Skinny people who haven’t struggled with weight issues may be saying “dude, get real”, but for some of us – this is a life long battle that isn’t easy … EVER! Even if I came out of April slower than I went into it – I developed a SOLID habit. Habit is everything in the workout arena. If you are in the habit of doing 1-2 hours of exercise a day, you have time. If you fall off the wagon, suddenly you fill that gap with work, internet surfing, eating, planning to eat or making excuse for why you didn’t work out. THIS is what I fear the most. I fear this so much so that I am pondering taking my dog for a 5 miles walk so I don’t ‘lose my fitness’. (Keep in mind, I cough walking up stairs right now). Ugh… it’s just not SANE!
I’m really just trying to get this out of my head so I can calm myself down. Realistically – this may be my body saying “dude, you must rest a bit” and resetting my clock. I just hope the BODY gets the rest and the mind doesn’t suffer or crack and I start eating bon-bons and biscuits. I do know that there is something that feels really good about a great workout a week or so after you are sick… when the pipes clear out and you start firing on all cylinders. I’m going to pin my hopes on that.
In the mean time, i’m trying to eat light…. avoid running to the refrigerator to medicate my frustration – THAT won’t help anything. I’m not really sure anything here made any sense – I am sure it’s probably a little to the left side of odd…. Thanks for listening!

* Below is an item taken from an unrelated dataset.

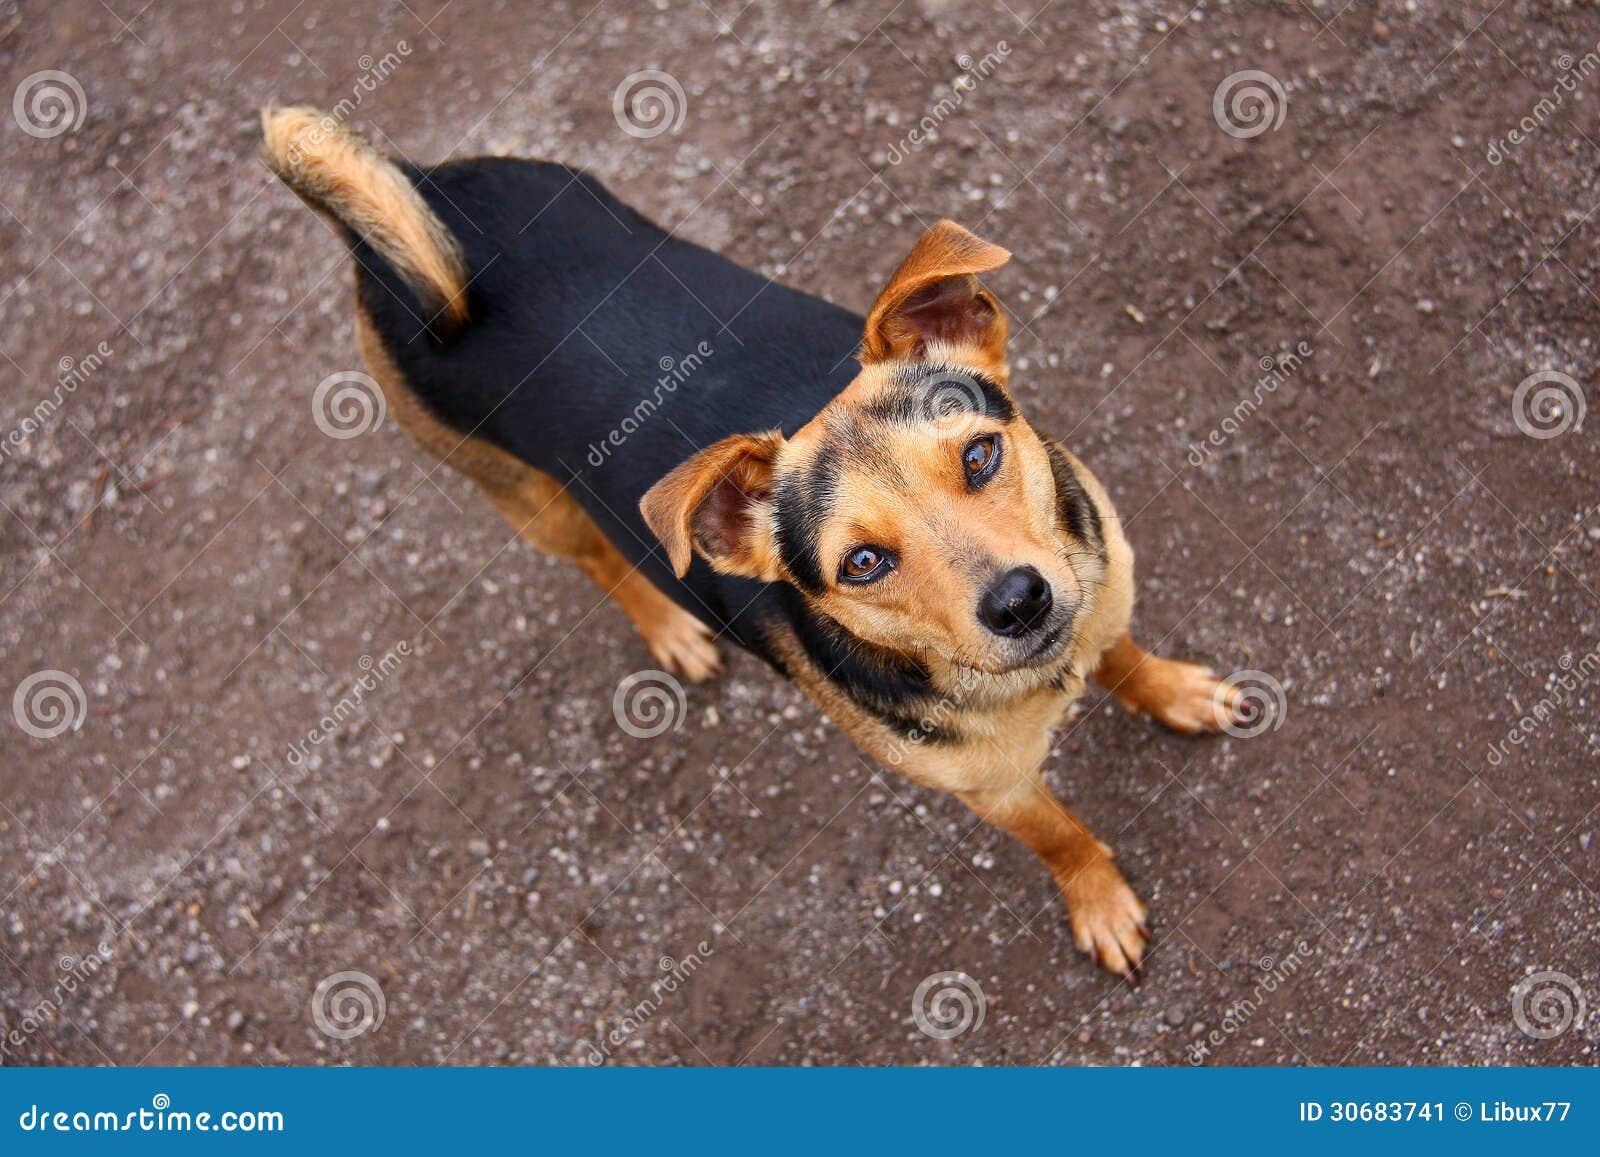 Dog Looking Upward Stock Image Image 30683741

Posted on May 1st, 2012 No comments
So, for a while I retired from blogging, but I’m back. This isn’t some sort of triumphant return – far from it. There is no victory – just I missed it and it’s free and it helps me clear my mind.

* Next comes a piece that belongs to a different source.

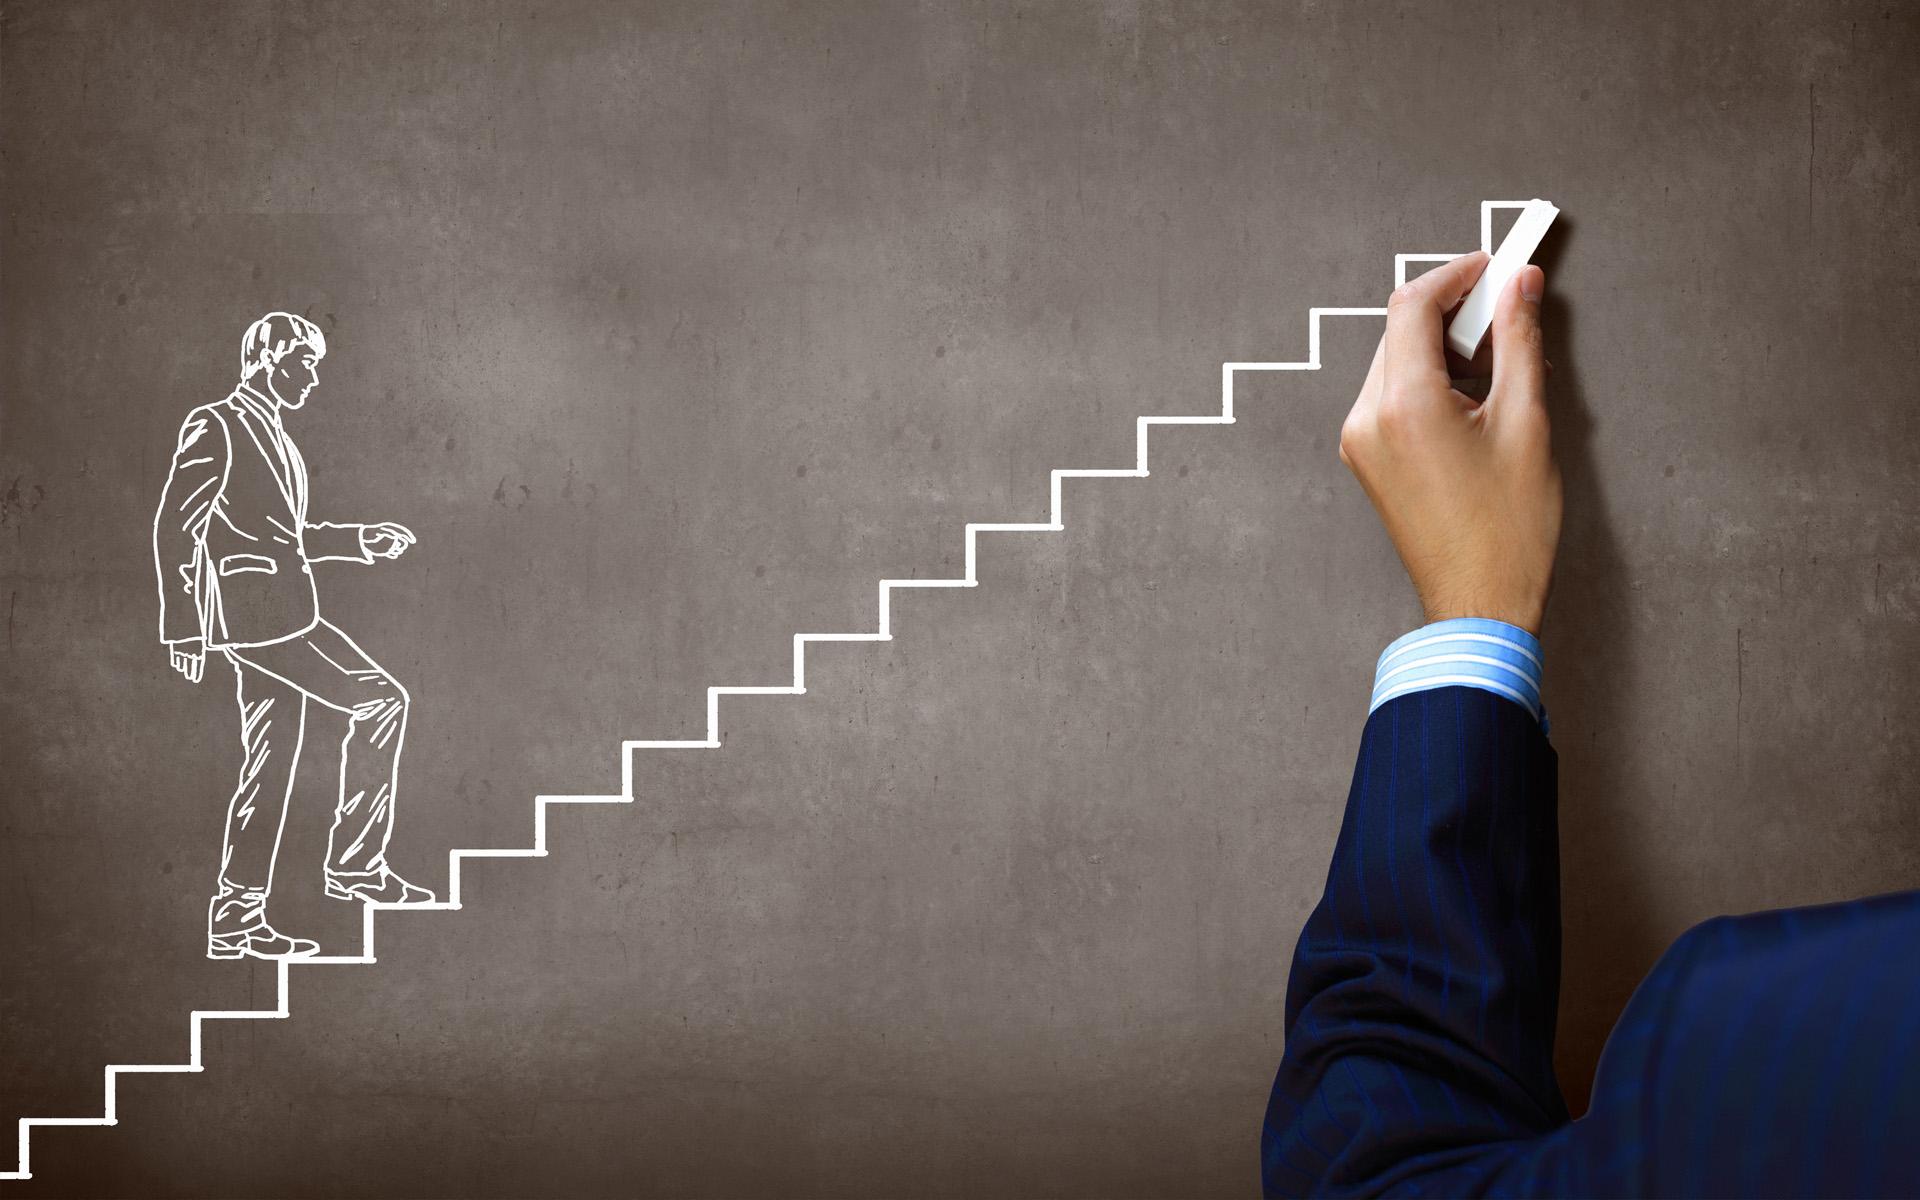 Öğrenci Kariyeri - : Kariyer Değişikliği Yapıp Başarılı Olan 7 Kişi

In April, I decided to get my fat tail feather in action and try to get back to some healthy habits and get the workout routine jump started. I decided to do this by attempting to workout every day. I do not think any human being should set this goal. As you know, I have done it a few times and I think it is stupid – but at the same time it is effective in forming a habit of working out. It proves to you that in the end, you have the time and you can do it. Great…. i’m tired. Will I do it again, surely. Somebody should smack me – but that would just make me grumpy, so please don’t.

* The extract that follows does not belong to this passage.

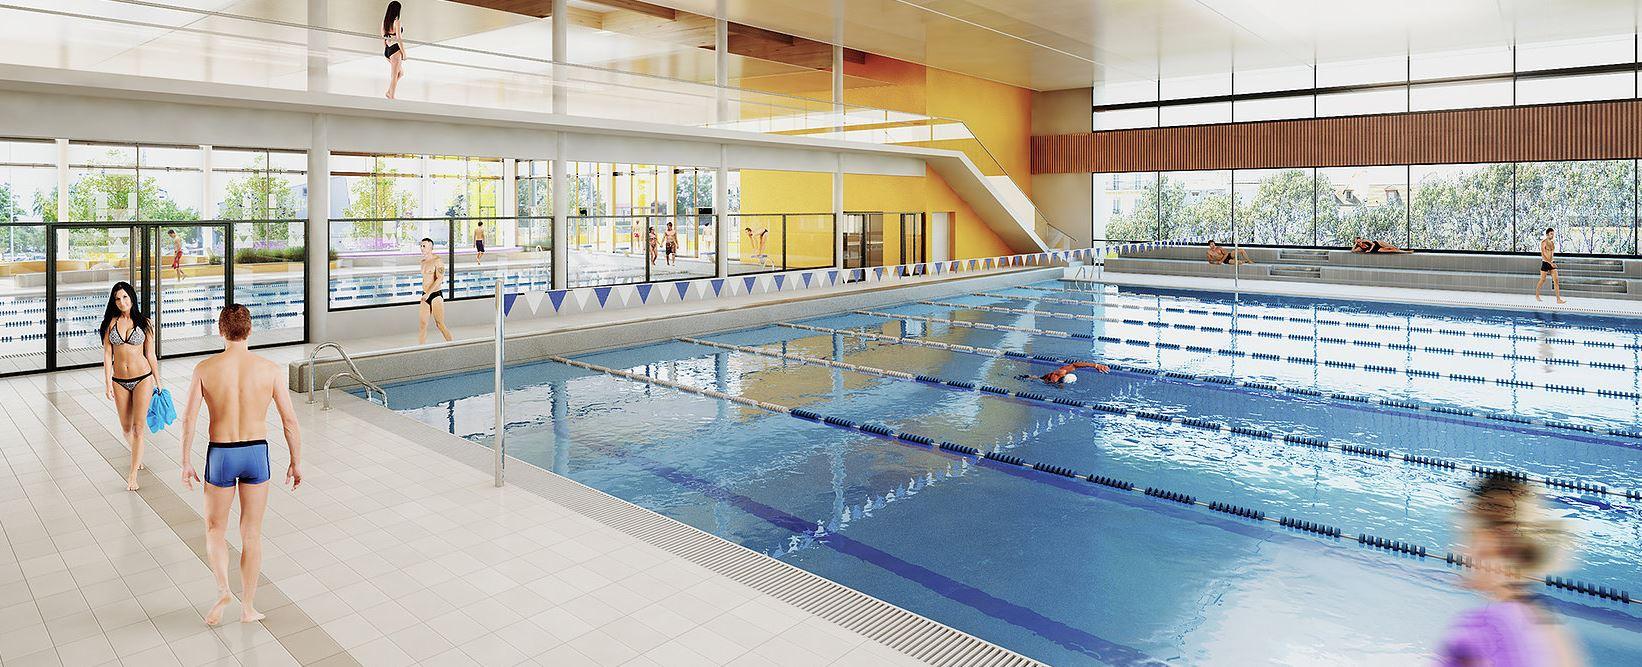 Le Futur Centre Aquatique De Vitry-Sur-Seine En Images | 94 ... dedans Piscine De Sucy En Brie

This little graphic shows exactly what I have done – without my ‘rest days’ which were, in no particular order:
- 5 hours of yard work
- 3 hours of yard work
- Walks of up to 3.5 miles
- Housework – not just feather dusting – insane-o cleaning/moving
As you can see, I truly hit it hard in April. Even if you double any other month or combine any two, you can’t touch April. I’m proud of this but I think my body is in some sort of funk-a-dump. It’s not losing weight, its holding onto everything. I’ve been logging all of my activity and www.loseit.com which I really like. They didn’t used to have a droid app (bastards) but now they do (friends). They have a nice social interface and through the powers of modern technology everytime I step on my bedroom scale, my facebook gets updated with my weight. I’ve COMMITTED to stepping on it daily … so those of you who want to have ammunition to use against me, I’ve given you a canon!
Anyway – I ran 95 miles in April, rode a bunch too, had much fun. Now it’s time to get smart and focus more on eating and working out towards a goal. There is even a glimmer of p90x insanity in my eye. Still haven’t completely decided on that.